But I'm wanting to go into a medium box if possible, what's the best solution to do this? I'm thinking once the divider is removed, add medium frames, then when they move to a medium box I'll just saw off the 3 deep frames to fit. Any issue with doing this or is there a better solution?


----------



## whiskers (Aug 28, 2011)

Disclaimer- my experience is only what I have read.

What if you just put the medium on top of the brood box you want to split, wait for the bees to build out the comb and the queen to lay in it, and then take it back off.
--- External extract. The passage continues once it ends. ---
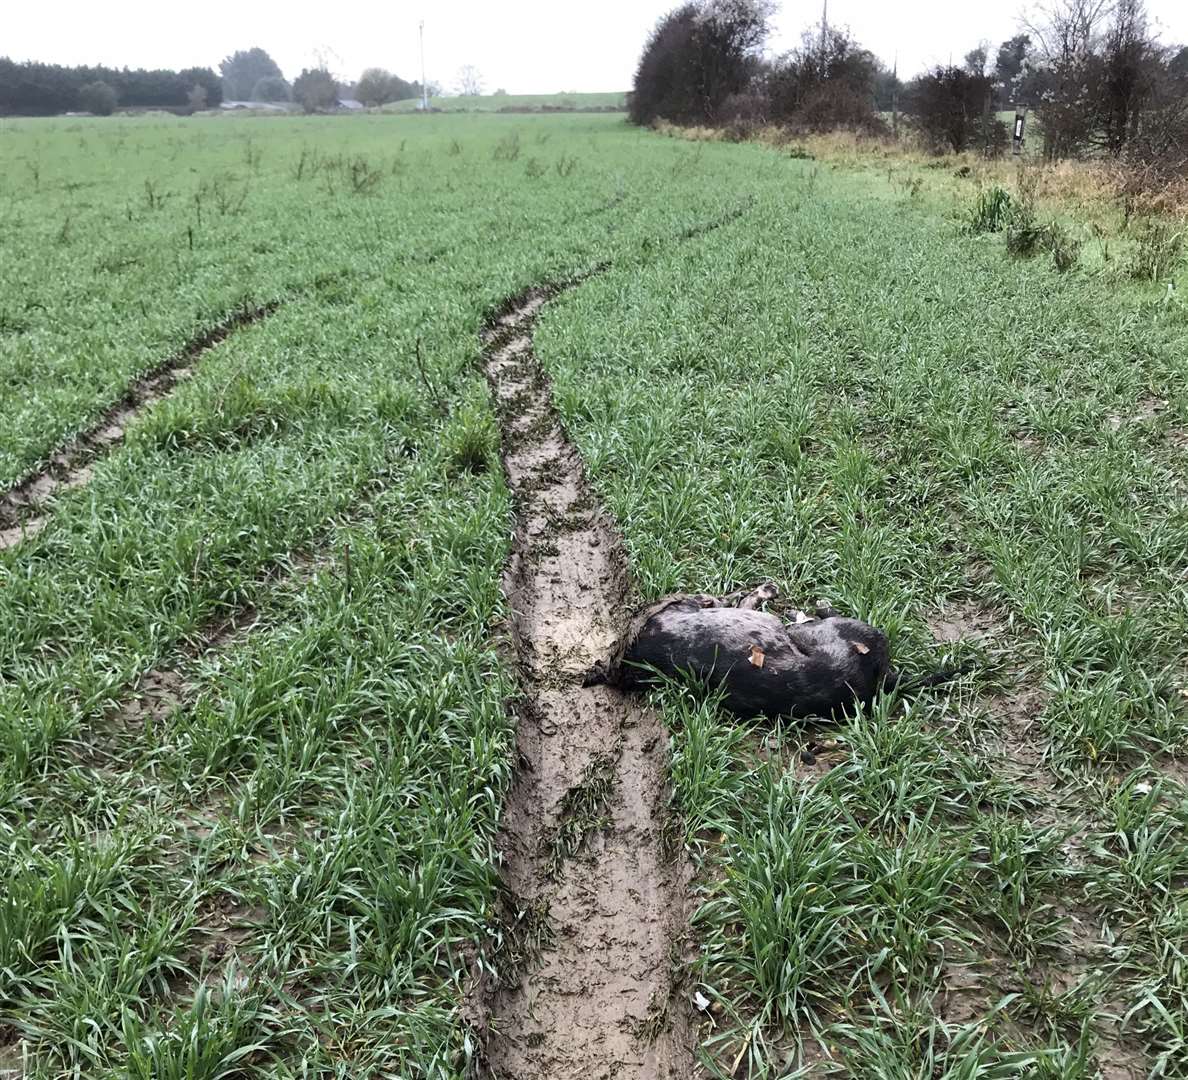 A lurcher dog was found dead and dumped in a muddy field off Nursted Lane near Gravesend in horrific circumstances with evidence he had been driven over. Picture: RSPCA

You will have to exercise some vigilance to ensure the queen is in the right box, if you care. Perhaps shake some bees as necessary.
Bill


----------



## beepro (Dec 31, 2012)

I don't know exactly what is your lay out in the
middle paragraph. But that is not important.
What is important is how you are able to fit the
medium frames into a deep in the beginning. And then transfer all the
medium frames into a medium box to complete the set up. Here is my suggestion:
1) Put in 3 deep frames at the center of a deep box with the queen.
2) Put 2 medium frames on each side next to the deep frames. As the hive grows it
will be drawn out. Add more medium frames when needed.
3) Put a follower board on each side next to the empty medium frame.
Fill up the remaining empty space on the sides with newspaper, etc.
4) Put foam blocks or any filling under the medium frames as the hive
expanded.
5) Removed the medium frames once the medium frames are drawn out with 
the bees and broods on them.
6) Lastly, put all medium frames into a medium hive box to complete this transition.

The faster method:
1) Put 5 deep frames into a deep box along with the laying queen.
2) Put remaining medium frames in the deep box on either side.
3) Fill up the empty space under the medium frames with
newspaper or foam blocks, etc.
4) Dump in lots of bees to draw out the medium frames. Or use drawn medium frames
if you have them.
Follow 5 & 6 above.
Can you build a rectangle wooden block inside a deep box to fill in the empty space
under the medium frames?


----------



## KillaBeezs (May 9, 2015)

I ran into the same problem with my first nuc. I ran a double medium nuc with three deep frames and 4 medium frames (two medium frames in the middle)... then after the queen was laying I moved the deeps to the edges. 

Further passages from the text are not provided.